Organizing is such a common activity that we often do it without thinking much about it. We organize shoes in our closet, books on our book shelves, spices in our kitchen, receipts and records in tax preparation folders, and people on business projects and sports teams. Quite a few of us have jobs that involve specific types of organizing tasks. We might even have been explicitly trained to perform them by following specialized disciplinary practices. We might learn to do these tasks very well, but even then we often do not reflect on the similarity of the organizing tasks we do and those done by others, or on the similarity of those we do at work and those we do at home. We take for granted and as givens the concepts and methods used in the Organizing System we work with most often.
The goal of this book is to help readers become more self-conscious about what it means to organize resources of any type and about the principles by which the resources are organized. In particular, this book introduces the concept of an Organizing System: an intentionally arranged collection of resources and the interactions they support. The book analyzes the design decisions that go into any systematic organization of resources and the design patterns for the interactions that make use of the resources, as follows:
We organize physical things. Each of us organizes many kinds of things in our lives—our books on bookshelves; printed financial records in folders and filing cabinets; clothes in dressers and closets; cooking and eating utensils in kitchen drawers and cabinets. Public libraries organize printed books, periodicals, maps, CDs, DVDs, and maybe some old record albums. Research libraries also organize rare manuscripts, pamphlets, musical scores, and many other kinds of printed information. Museums organize paintings, sculptures, and other artifacts of cultural, historical, or scientific value. Stores and suppliers organize their goods for sale to consumers and to each other. Sports leagues organize players into teams, and the teams organize players by position or role.

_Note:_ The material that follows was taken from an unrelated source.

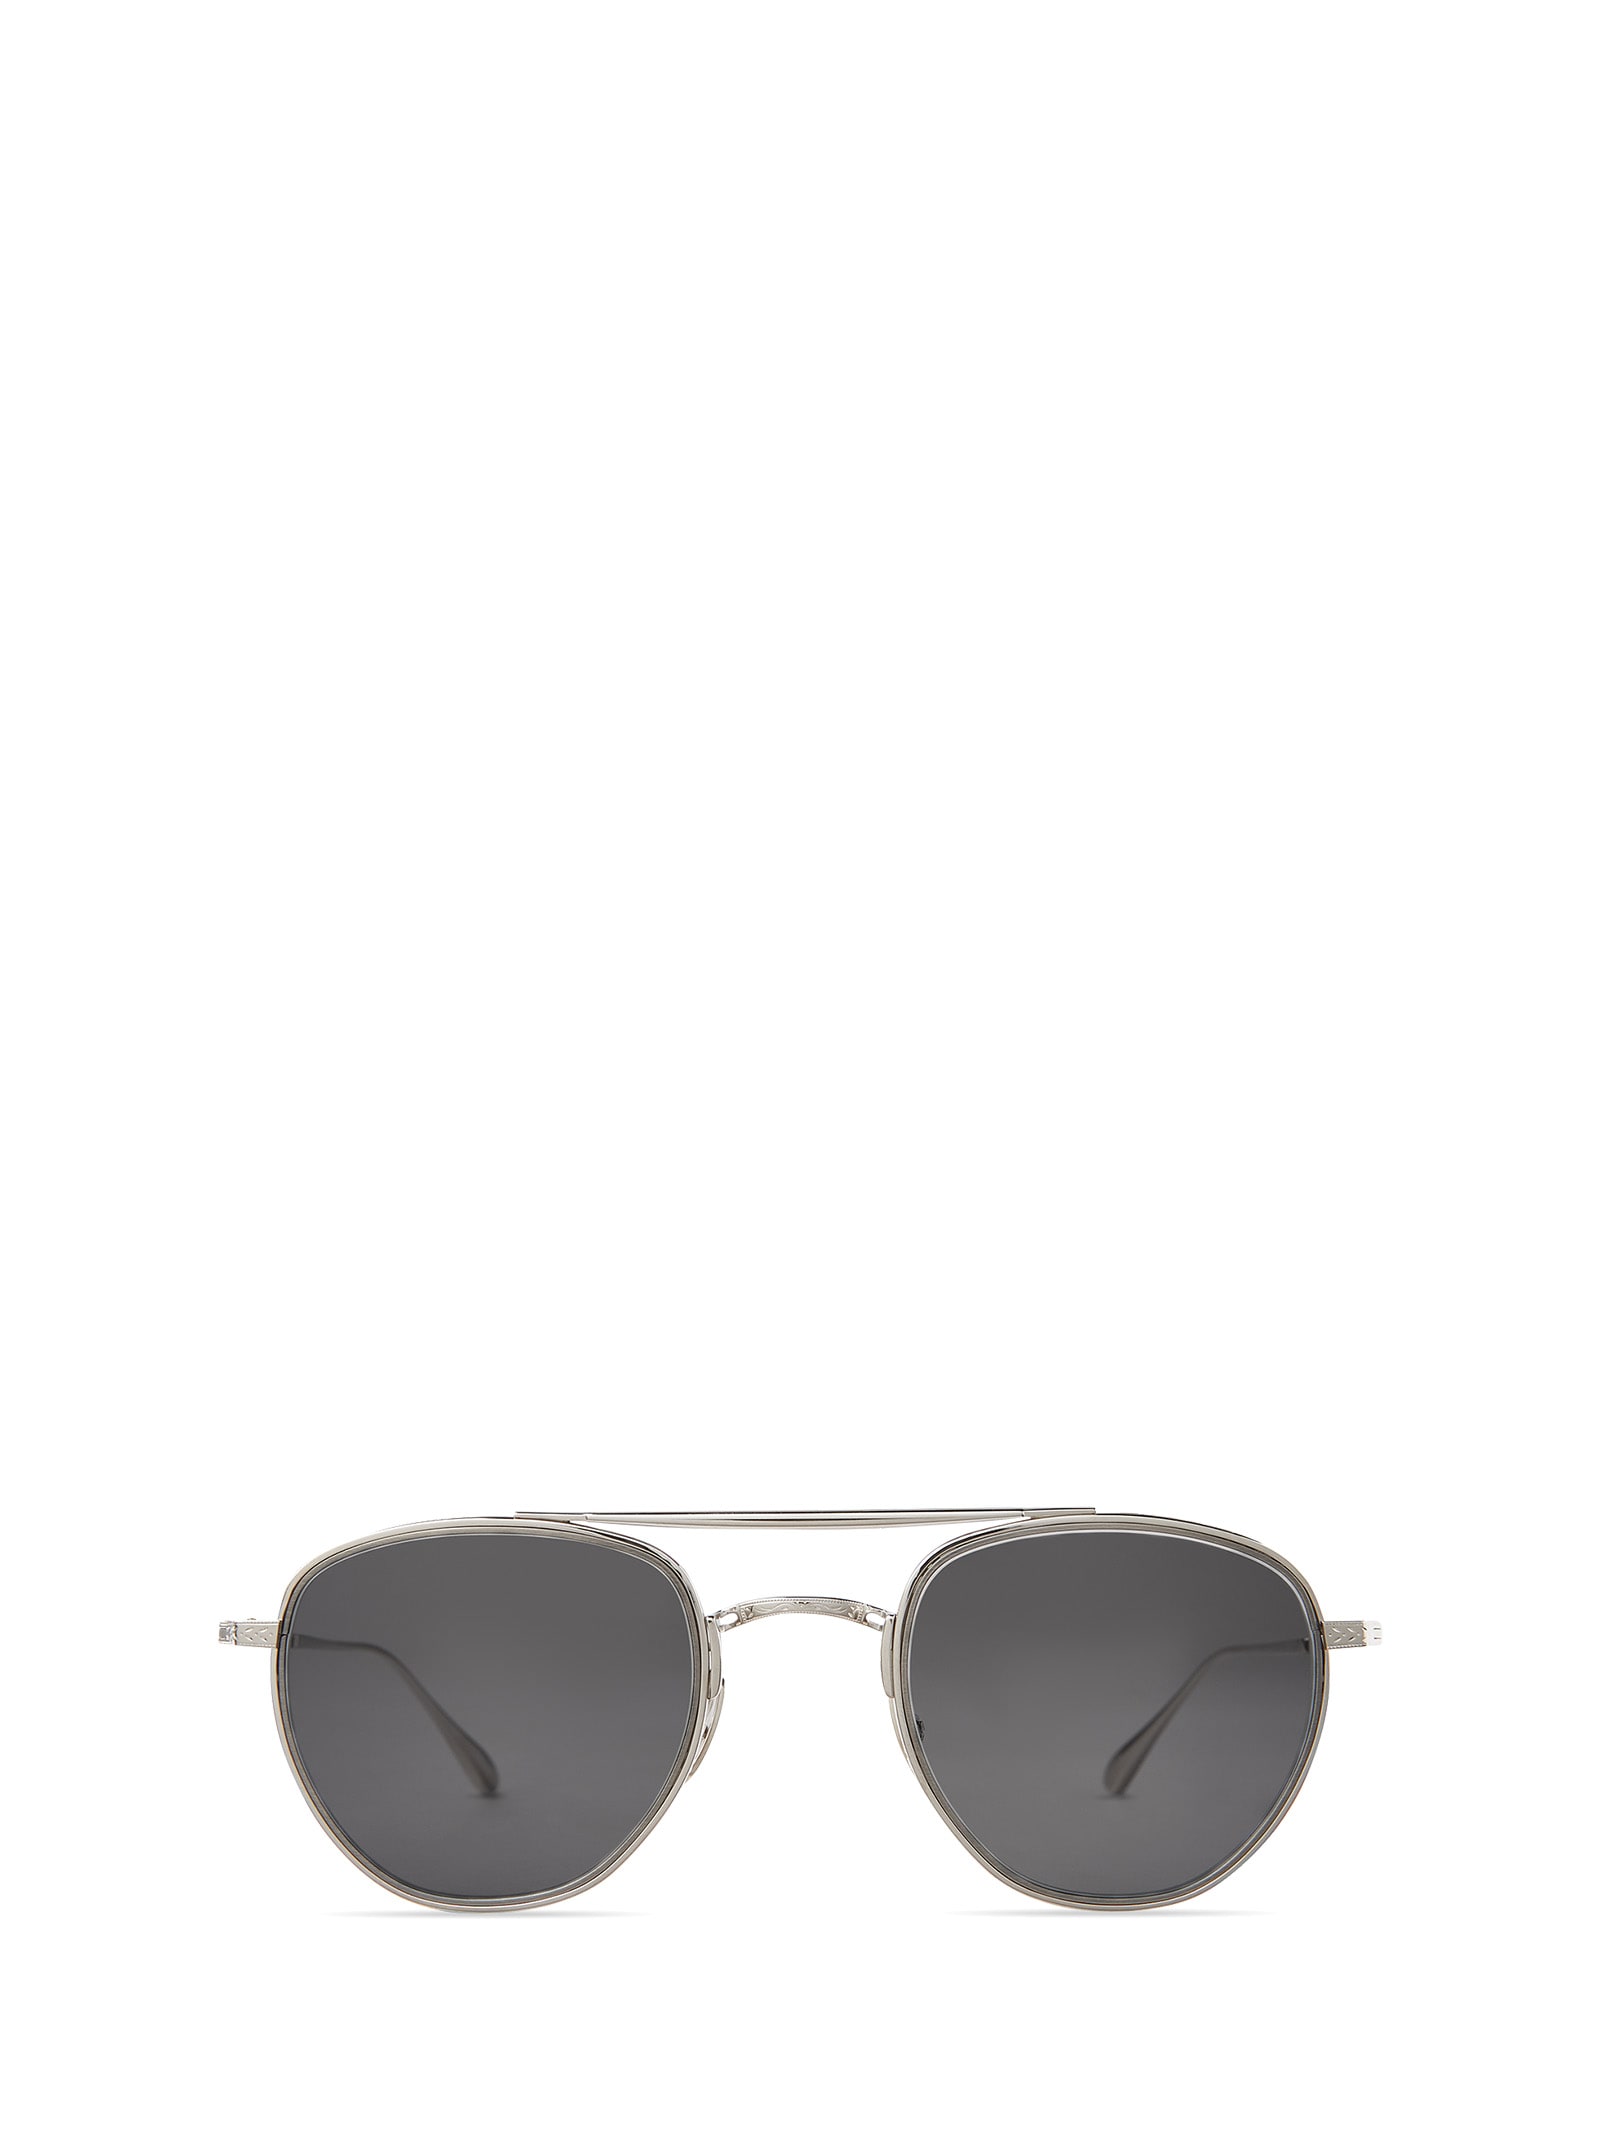 Roku Ii S Platinum-pewter Sunglasses
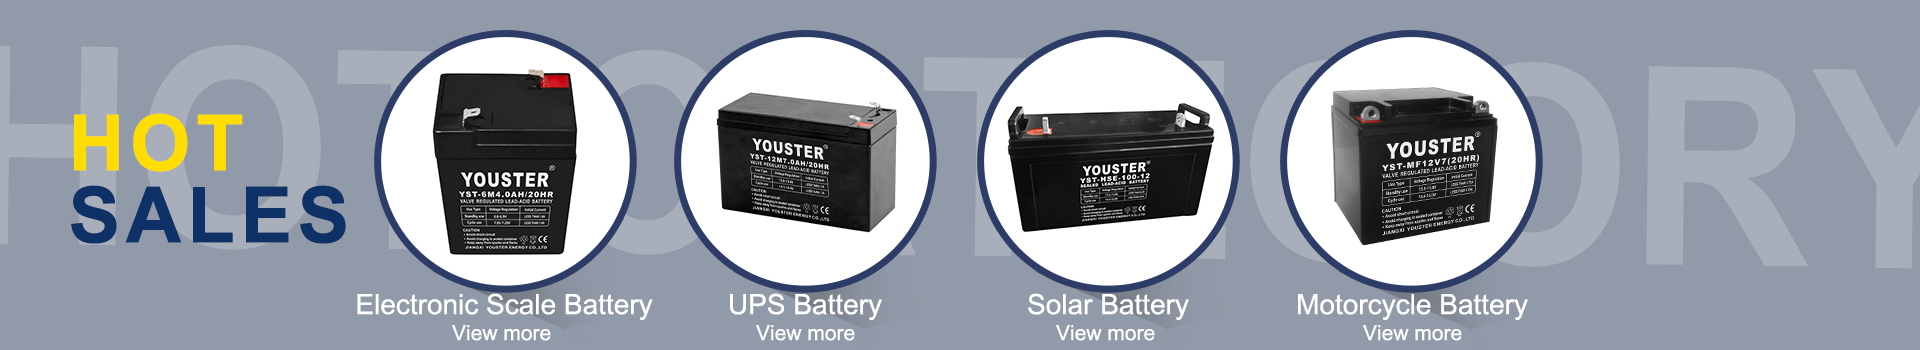 Batteria per manutenzione della batteria di vendita di vendita a caldo Batteria UPS gratuita 12v9ah batterie AGM

We organize information about physical things. Each of us organizes information about things: when we inventory the contents of our house for insurance purposes, when we sell our unwanted stuff on eBay, or when we rate a restaurant on Yelp. Library card catalogs, and their online replacements, tell us what books a library’s collection contains and where to find them. Sensors and RFID tags track the movement of goods—even library books—through supply chains, and the movement (or lack of movement) of cars on highways.
We organize digital things. Each of us organizes personal digital information—email, documents, ebooks, MP3 and video files, appointments, contacts—on our computers, smartphone, ebook readers, or in “the cloud,” —through information services that use Internet protocols. Large research libraries organize digital journals and books, computer programs, government and scientific datasets, databases, and many other kinds of digital information. Companies organize their digital business records and customer information in enterprise applications, content repositories, and databases. Hospitals and medical clinics maintain and exchange electronic health records and digital X-rays and scans.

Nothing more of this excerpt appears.